▶ _EXERCISE INPUT_

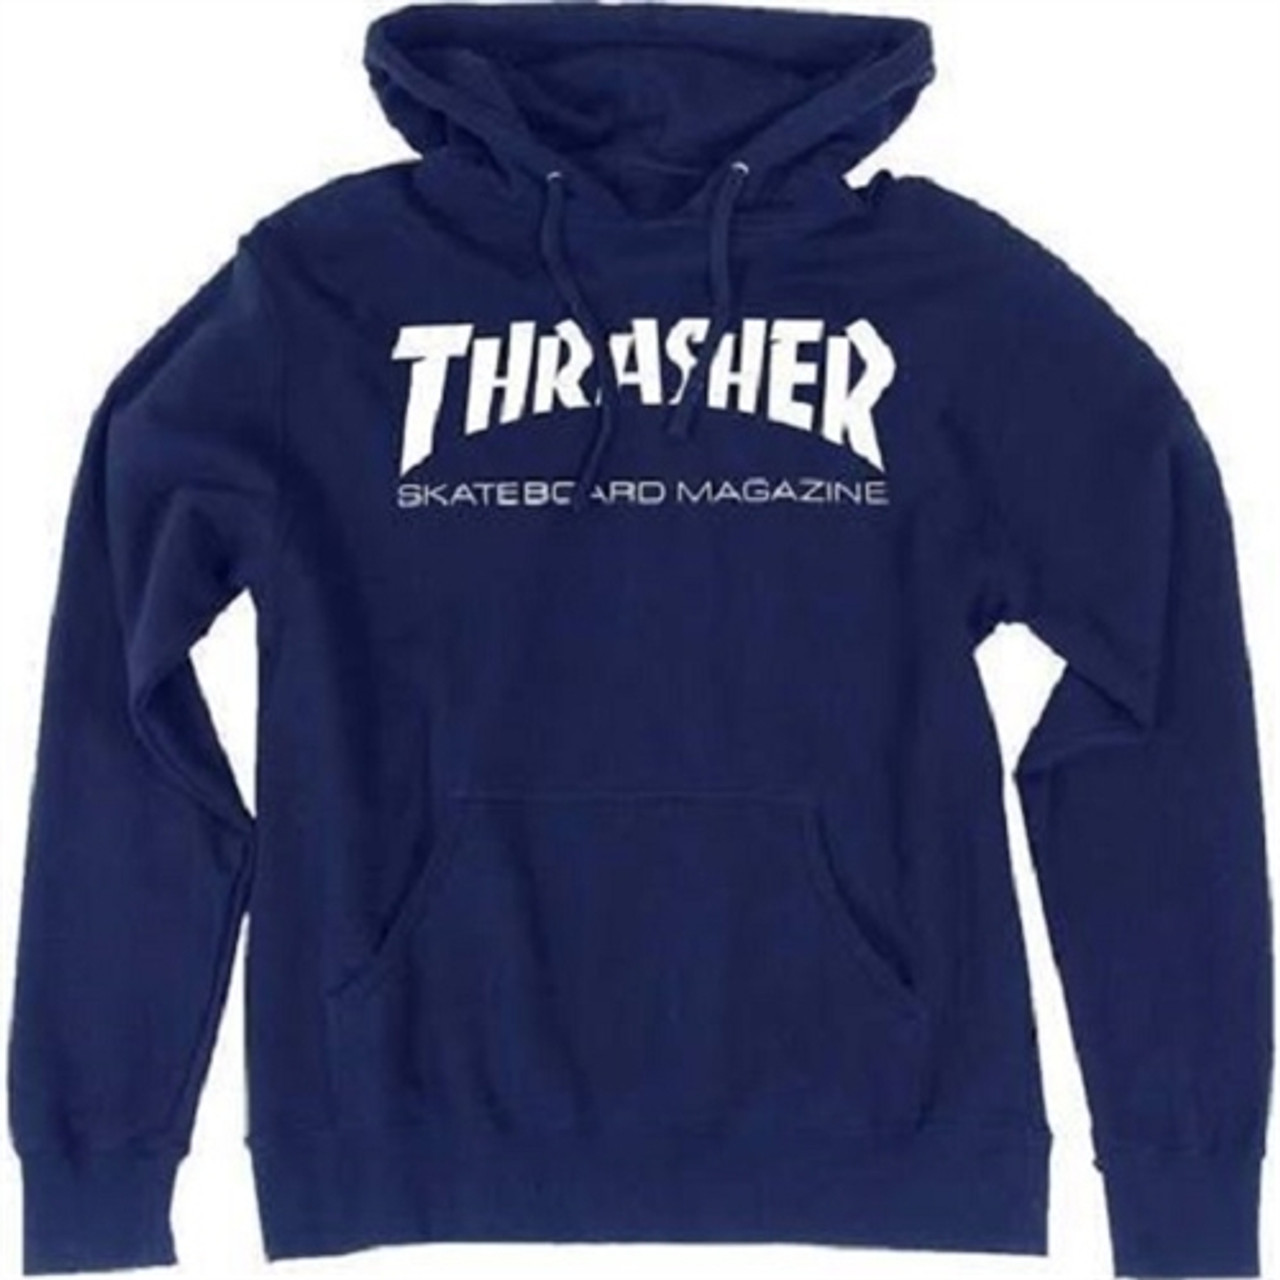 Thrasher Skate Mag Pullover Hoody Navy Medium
...
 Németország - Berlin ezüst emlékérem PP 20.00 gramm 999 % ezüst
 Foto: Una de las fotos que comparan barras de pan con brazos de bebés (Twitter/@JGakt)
* * *
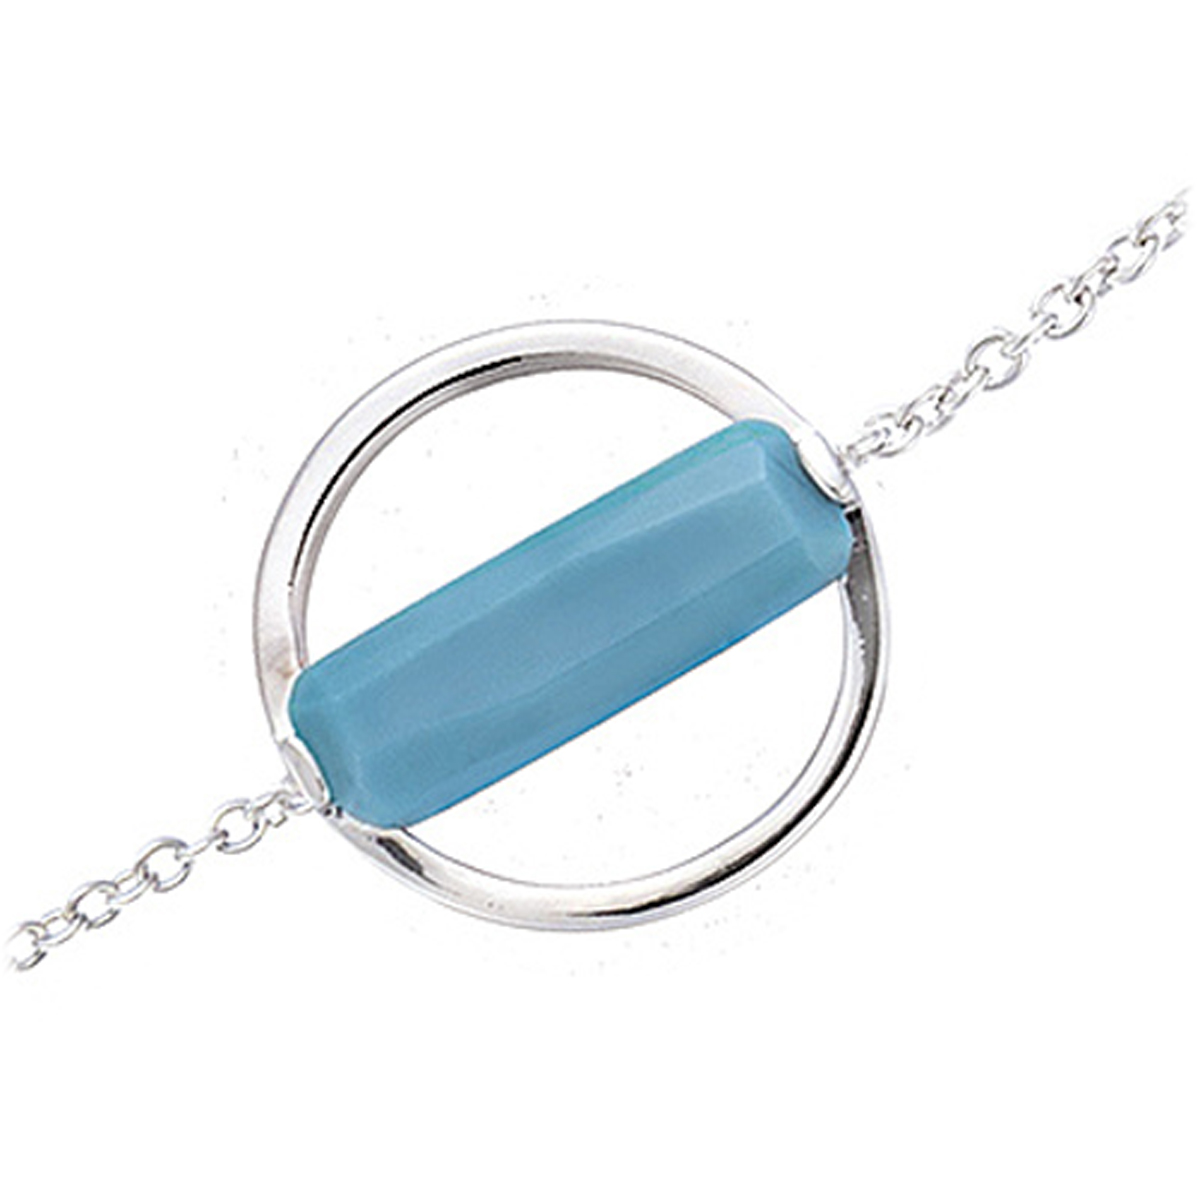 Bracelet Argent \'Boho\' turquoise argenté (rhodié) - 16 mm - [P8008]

▶ _TASK STATEMENT_
Write out, from the lines above, only those from the line with "Németország - Berlin" to the line with "Foto: Una de", exactly as given, including the first and the last.

▶ _EXERCISE OUTPUT_
 Németország - Berlin ezüst emlékérem PP 20.00 gramm 999 % ezüst
 Foto: Una de las fotos que comparan barras de pan con brazos de bebés (Twitter/@JGakt)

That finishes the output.